Hope the site gets back up


----------



## hartman756 (Nov 21, 2008)

I am on NAFA's site all day for there auctions and this just dosen't happen to there site during one of there auctions!!!!
I would think with the size of there operation, they have plenty of resorces to sort out an issue of some one attacking their server and shutting it down.

c hartman


----------



## hartman756 (Nov 21, 2008)

I am able to log in now!!!

c hartman


----------



## hillbillie (Jan 16, 2011)

back on also

My best **** brought back
Maybe they'll sell PT,o-well I'm in no hurry

So much for yard work today,again I'm in no hurry


----------



## hartman756 (Nov 21, 2008)

Let me guess ,your **** got graded in with the eastern NC..............Looks like a lot of them are unsold !!

c hartman


----------



## hillbillie (Jan 16, 2011)

Mine that didn't sell
Canadian 
4xl *sel color 4

north central eastern
4xl-3xl sda color 4
4xl-3xl 1-11 color 5
lge 1-11 color 4-5

Seems quality any size color 2-3 selling 
Junk selling cheap
quality any size 4-5 bought back


----------



## SNAREMAN (Dec 10, 2006)

First time i've shipped to the auction.I signed-up for my account # a few weeks ago,but never heard back so don't know what grade my fur got and can't log-in to watch the auction.I've got otter,beaver and rats there,can you guys keep your eye on it and let me know how those furs are doing.Thanx


----------



## hillbillie (Jan 16, 2011)

Snareman try this link.Hope it helps.Otter selling now,beaver next then muskrat.


http://www.nafa.ca/page.asp?reg/register.asp


----------



## SNAREMAN (Dec 10, 2006)

hillbillie said:


> Snareman try this link.Hope it helps.Otter selling now,beaver next then muskrat.
> 
> 
> http://www.nafa.ca/page.asp?reg/register.asp


Yep,thats what I filled out a couple weeks ago,never got a response back from them.No big deal,i'm sure they have been plenty busy getting ready for the sale.


----------



## furandhides (Jul 3, 2008)

Looks as if the otter, beaver, and rats tanked. Poor sale. That's the way it goes. All of us who take our chances, have to be willing to lick our wounds after. Very happy that I don't ship to NAFA.


----------



## gilgetter (Feb 28, 2006)

furandhides said:


> Looks as if the otter, beaver, and rats tanked. Poor sale. That's the way it goes. All of us who take our chances, have to be willing to lick our wounds after.
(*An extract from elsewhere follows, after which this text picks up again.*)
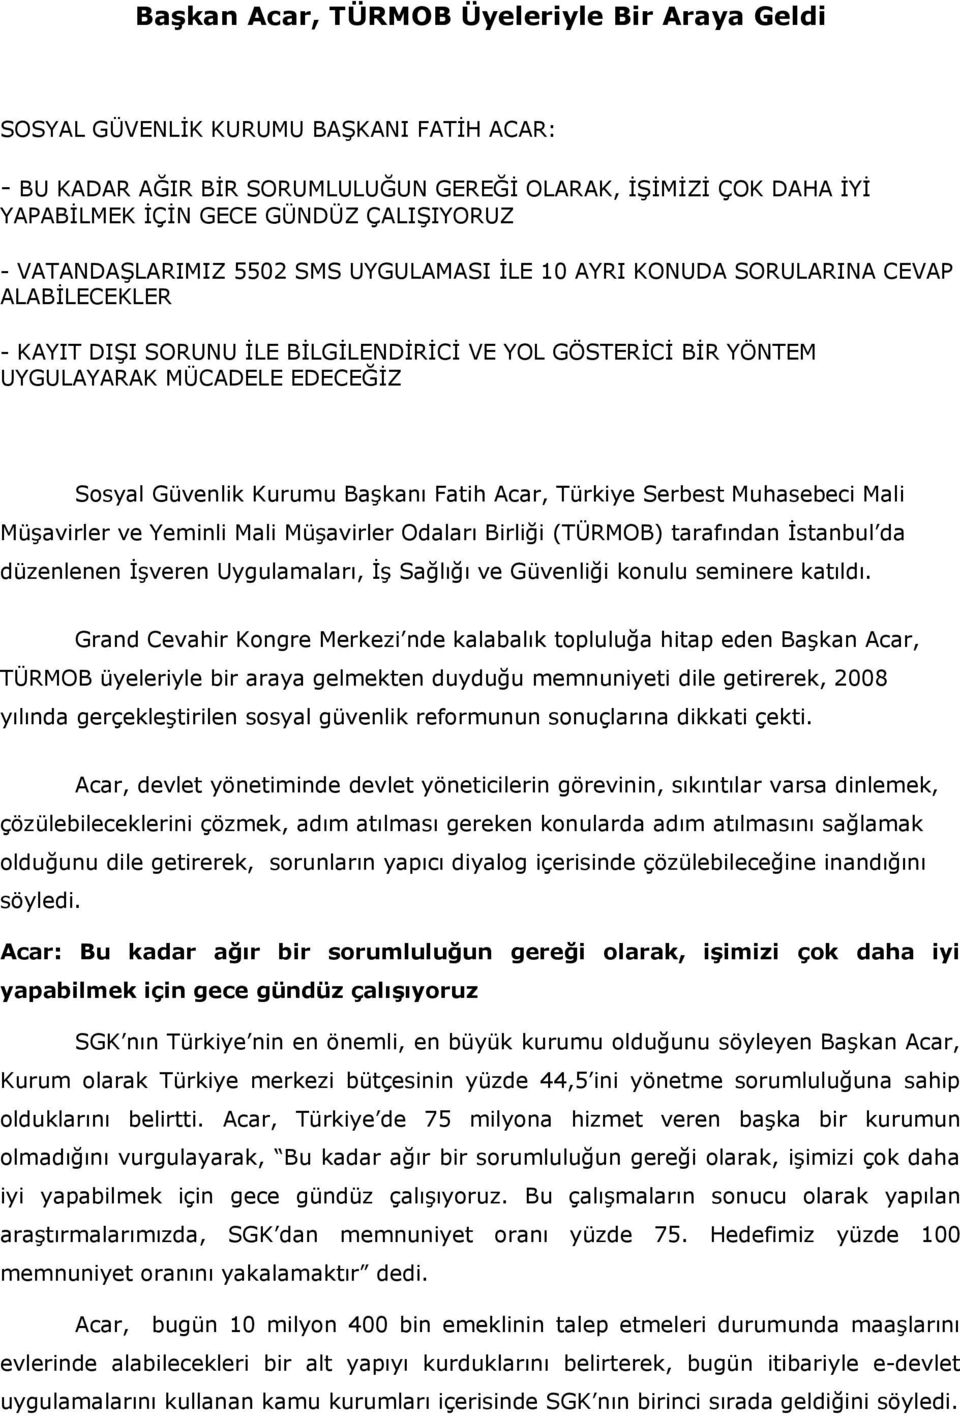 Güvenlik Kurumu Başkanı Fatih Acar, Türkiye Serbest Muhasebeci Mali Müşavirler ve Yeminli Mali Müşavirler Odaları Birliği (TÜRMOB) tarafından İstanbul da düzenlenen İşveren Uygulamaları, İş Sağlığı

Very happy that I don't ship to NAFA.


As in didnt sell,or the price fell?I sent a few things up there, some rats and a beaver. owell. we'll get this winter.


----------



## hillbillie (Jan 16, 2011)

My uneducated guess would be 20 % less than Feb. with no ridiculous high top lots paid and alot of buy backs.Hope they can sell some PT or there's going to be fur in the cupboard next fall.
I had a couple of rat's fall in the central div. and I really feel for the Dakota folks. 

Going to be alot of disappointed folks and I told you so's
Hope the country buyers sold early and didn't ship alot to the auctions

I thinking the disappointing world economic news Fri didn't help

It's a roll of the dice sometimes you win sometimes you don't


----------



## hillbillie (Jan 16, 2011)

But I still have high hopes tomorrow for my possum's and European stock portfolio:banghead3.


----------



## bradym54 (Oct 8, 2008)

furandhides said:


> Looks as if the otter, beaver, and rats tanked. Poor sale. That's the way it goes. All of us who take our chances, have to be willing to lick our wounds after. Very happy that I don't ship to NAFA.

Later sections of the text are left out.